After the reform and opening up, after opening the country's door, we suddenly found that China's semiconductor industry has been far behind. What's more serious is that except for a few industry experts, the vast majority of people have not yet realized the large gap and the difficulty of catching up. In 1977, when the Great Hall of the People held a symposium in the scientific and technological circles, Deng Xiaoping asked Wang Shouwu:

"You have to get LSIs up, a year?"

After the 80s, national ministries and commissions have organized three "campaigns" to tackle key problems in semiconductor technology. For example, the "909" project, launched in 1995, invested 10 billion yuan, and Hu Qili, minister of the Ministry of Electronics Industry, personally took the lead.

But unfortunately, the Shanghai Huahong factory encountered a low tide in the industry, and no one in China at that time understood the "counter-cyclical" theory that Samsung was losing more and more to invest, so Huahong was controversial, and finally failed to catch up with the rapid pace of Moore's Law.

This almost desperate catch-up did not finally usher in a turnaround again at the dawn of the new century.

Almost all of the chip companies we know in the media today were founded in the first decade of the 21st century: SMIC in 2000, Spreadtrum Communications in 2001, Zhongxing Micro in 2003, Huawei HiSilicon in 2004... These star companies have brought together a large number of scientific and technological talents who went abroad in the 80s and worked in American chip companies for many years.

New blood, new mechanisms, finally began to inject enough vitality into China's semiconductor industry.

Facts have proved that in any high-tech field, as long as the right environment is given, Chinese will never do worse than others. In the field of chip design and packaging, Huawei HiSilicon and JCET Technology have risen rapidly, and it only took more than ten years to enter the first echelon in the field.

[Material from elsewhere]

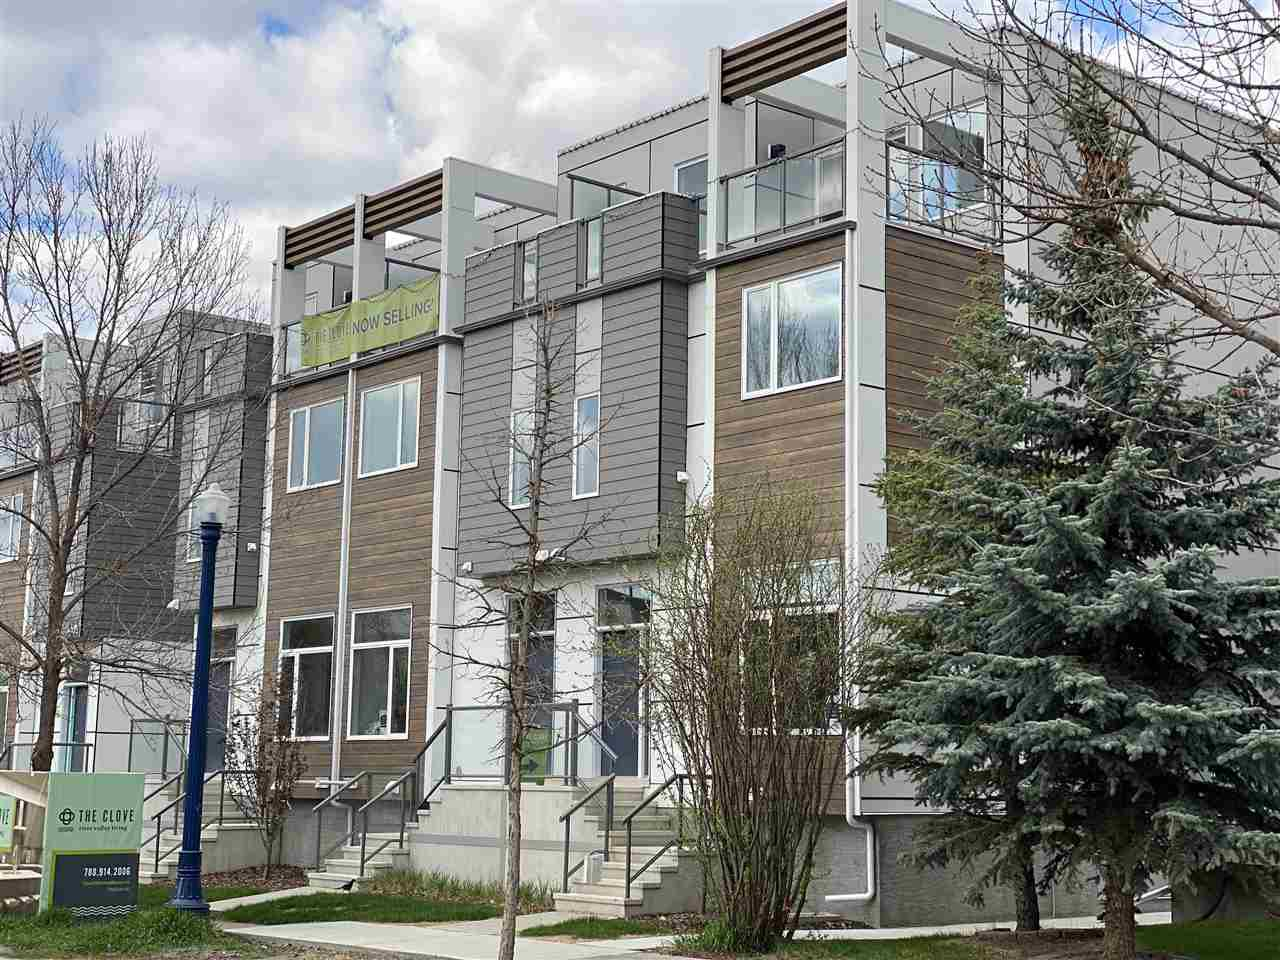 Main Photo: 2 9745 92 Street in Edmonton: Zone 18 Townhouse for sale : MLS®# E4191803

However, in the most complex and difficult chip manufacturing field, China's semiconductor industry has experienced bloody storms and is still facing a stuck neck crisis. Looking back at the bumpy road of the past, and the pressure of Tarzan still reminds me of Bob Dylan's famous song "Blow' in the Wind":

How many roads must a man walk down

Before you call him a man.

Is it harder to make a chip than an atomic bomb?

In April 2020, Huawei's mobile phone business reached its peak, surpassing Samsung for the first time in history and becoming the world's number one. From its rise to the top, it took Huawei more than a decade to get to this point.

However, it is regrettable that only a year later, Huawei, which was sanctioned by the United States, fell rapidly, Glory was forced to sell, and the high-end P series could not continue due to the lack of chips. Ten years of hard work, just like this overnight.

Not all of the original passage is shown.